たとえば、第一章では三井甲之と『原理日本』が主題になっているのだが、この三井が親鸞の教えに触れたのは、近角常観という浄土真宗の僧侶が開設した求道会館という修行場においてである。この近角が洋行中に留守にした家を借りて浩々洞という私塾を開いたのが清沢満之。清沢は東京帝国大学で西洋哲学を学んだ真宗大谷派の僧侶であり、彼のもとには暁烏敏、曽我量深、金子大栄といった新たな教学を研究しようとする若き僧侶が集った。そして、この暁烏敏こそ、あの「歎異抄」をこれほどメジャーにした人物であり、第五章(!)で主題となる「真宗大谷派の戦時教学」を支え、大谷派を戦時下日本の体制に一致させた人物なのだ。

ちょっと混乱してきたが、早い話がこういうことだ。

一方に清沢→暁烏というラインがあり、もう一方で近角→三井というラインがあった。暁烏三井は、それぞれの領域で親鸞思想と日本主義を接続させ、戦時下の翼賛体制を擁護した本書の重要人物である。暁烏三井とに直接的なつながりはないものの、実は清沢⇔近角というラインで両者はつながっているというわけだ。こういうことを、著者の中島は終章になってようやく語る。それも、かなり急ぎ足で。

だったら、はじめから清沢と近角の関係から始めればいいじゃないか。

そのほうが一本の筋が通ったストーリーになり、はるかに全体を把握しやすいはずだ。

 

次に、これは根本的な疑問なのだが、著者の問題設定に疑問がある。

序章を読む限り、この本が書かれたのは非常に個人的な動機によるものらしい。

学生時代の中島は、吉本隆明の講演会に参加し、そこでのやりとりをきっかけにして親鸞思想に触れ、以後、親鸞の教えを人生の指針に据えるようになる。しかし、その親鸞の教えが国粋主義者である三井甲之に援用されていることを知り、衝撃を受ける。いや、三井だけではない、倉田百三もまた親鸞思想によって日本主義を肯定していることに気づく。こうして中島は、「親鸞思想には、危険な方向にからめとられる要素が間違いなく含まれている」(P26)との結論にいたる。

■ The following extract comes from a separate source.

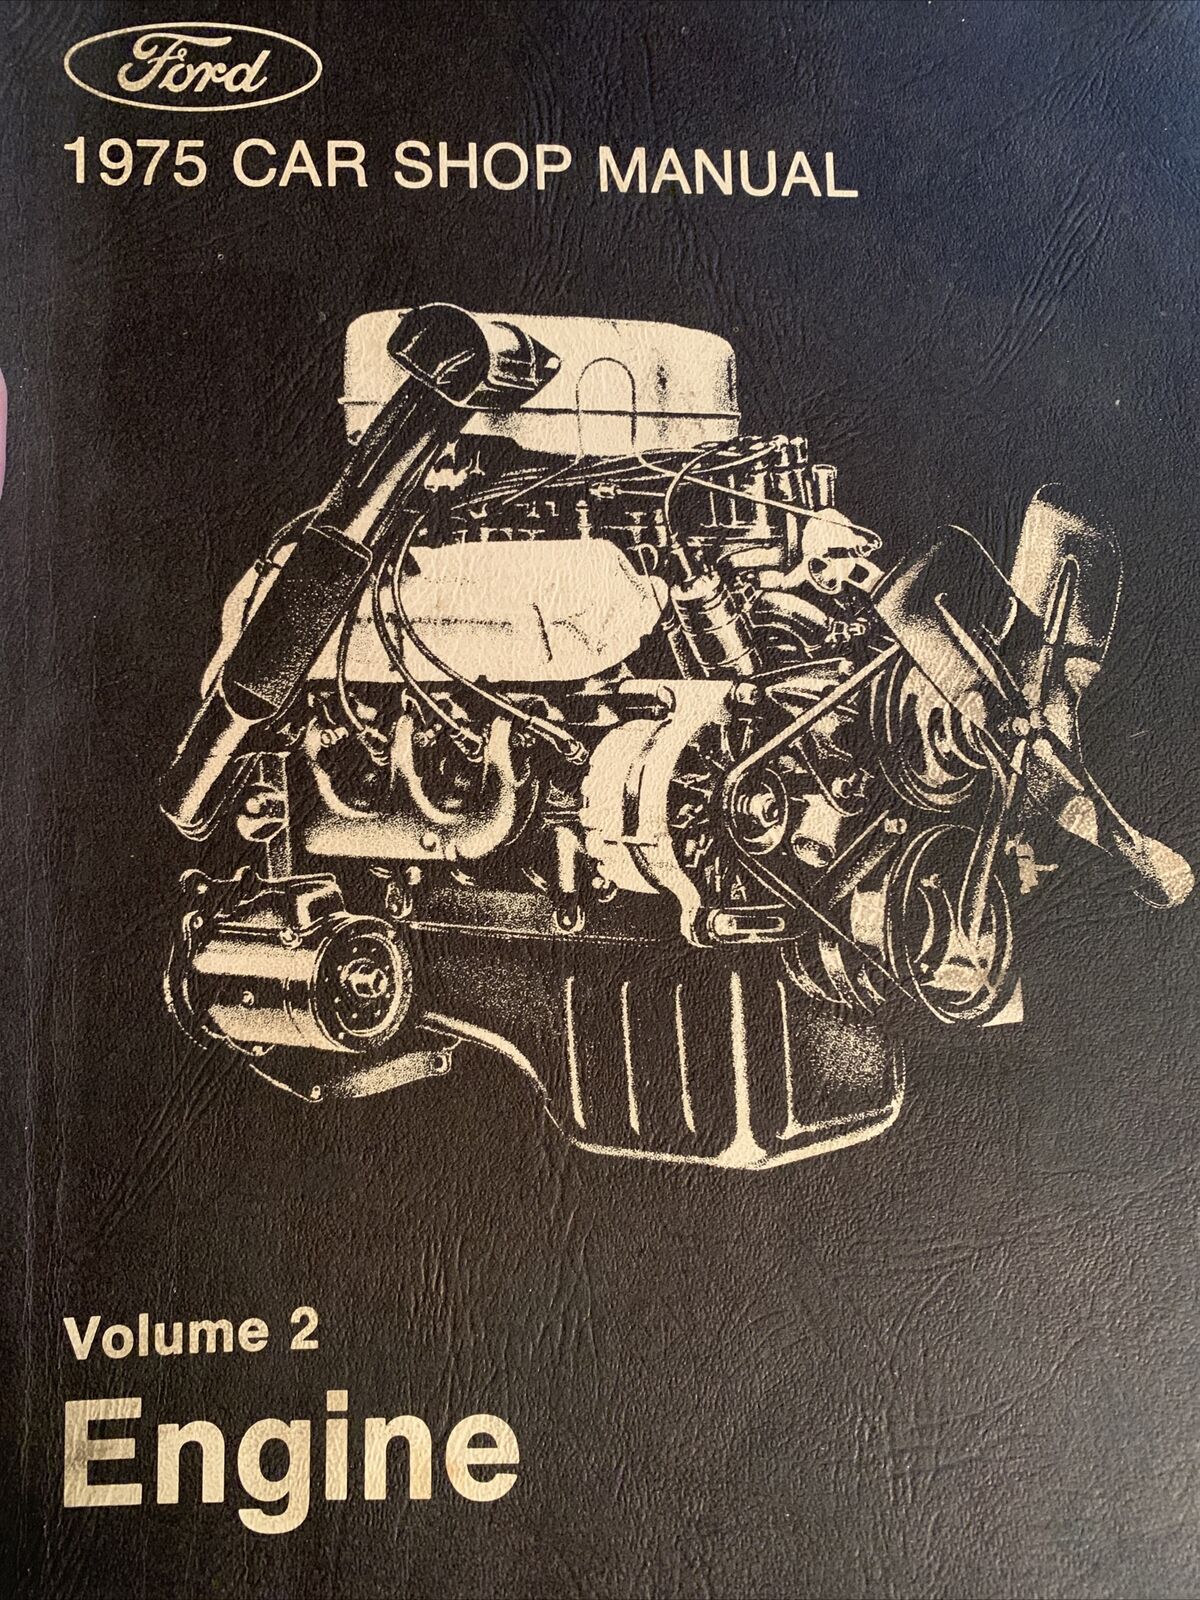 Ford 1975 Engine manual volume 2

この結論の末に書かれたのがこの本であり、その目的を中島は次のようにまとめている。

私は、あえて問うてみたい。

「親鸞思想そのもののなかに、全体主義的な日本主義と結びつきやすい構造的要因があるのではないかと」と。

そして「その思想的危険性を顕在化させたのが、大正から昭和前期の親鸞主義者なのだとすれば、彼らの議論に遡行することで浄土真宗の信仰が内包する危うさを見つめ直す契機となるのでないか」と。

保守主義者であり親鸞主義者である中島にとって、この問題は他人ごとでなく、まさに自分自身に突き付けられたアクチュアルな問題である。はたして、親鸞思想そのものに危険な要素があるのかどうか。いよいよ終章において、この問いへの答えが明らかにされる――のだが、なんというか、それが非常にあっさりとした調子なのだ。さっきまでの熱っぽい筆致はどこへやら、妙に冷静な文章でさらっと結論が書かれる。どれだけあっさりしているかといえば、全部で297ページある本文のうち、この問いに触れた終章はわずか12ページしかないという具合である。

その結論も、なんというか拍子抜けするような感じ。

親鸞思想はなぜ日本主義と結びついたという問いそのものが無効で、そもそも日本主義の土台となったのは国学で、その国学の論理を作った本居宣長は浄土真宗の家の生まれであり、彼の思想には明らかに親鸞の他力の考えが入っていた。だから国学には親鸞の思想が染み込んでいて、まあ、ようするに、親鸞思想に慣れ親しんでる人は国体論や日本主義にも親しみやすい、だってそもそも国学のベースに親鸞の他力思想があるんだからという話だった。

うーん・・・という感じである。

たしかに構造的要因はあった。

しかし、そもそも、構造的要因は果たして重要なのだろうか。

というか、これって構造的要因といえるのだろうか。

「危険な方向にからめとられる要素が間違いなく含まれている」といえばそれはそうだが、それはすべての宗教にいえることで、事実、宗教は過去から現在まで戦争の火種である。

この本を読む限り、三井甲之や暁烏敏といった人物は例外的な人物だ。

仮に親鸞に出会わなくとも、彼らはそのときに出会った宗教――それがキリスト教であれ、イスラム教であれ、日蓮宗であれ――を時局に応じて援用し、適当な論理をこしらえて体制を擁護していたんじゃないだろうか。

仮に構造的要因なのだとすれば、当時の親鸞主義者はもっと体制翼賛的であるべきだが、第五章を見る限りでは、大谷派の僧侶のなかには、暁烏に反対する人物もいたではないか。

三井や暁烏が日本主義に接近したのは、親鸞主義の持つ構造的要因などではなく、もっと個人的な要因だったような気がする。

 

いろいろと知らなかった歴史的事実を知れて勉強にはなったし、読み物としてはおもしろかったのだけれど、どうもしっくりこない一冊だった。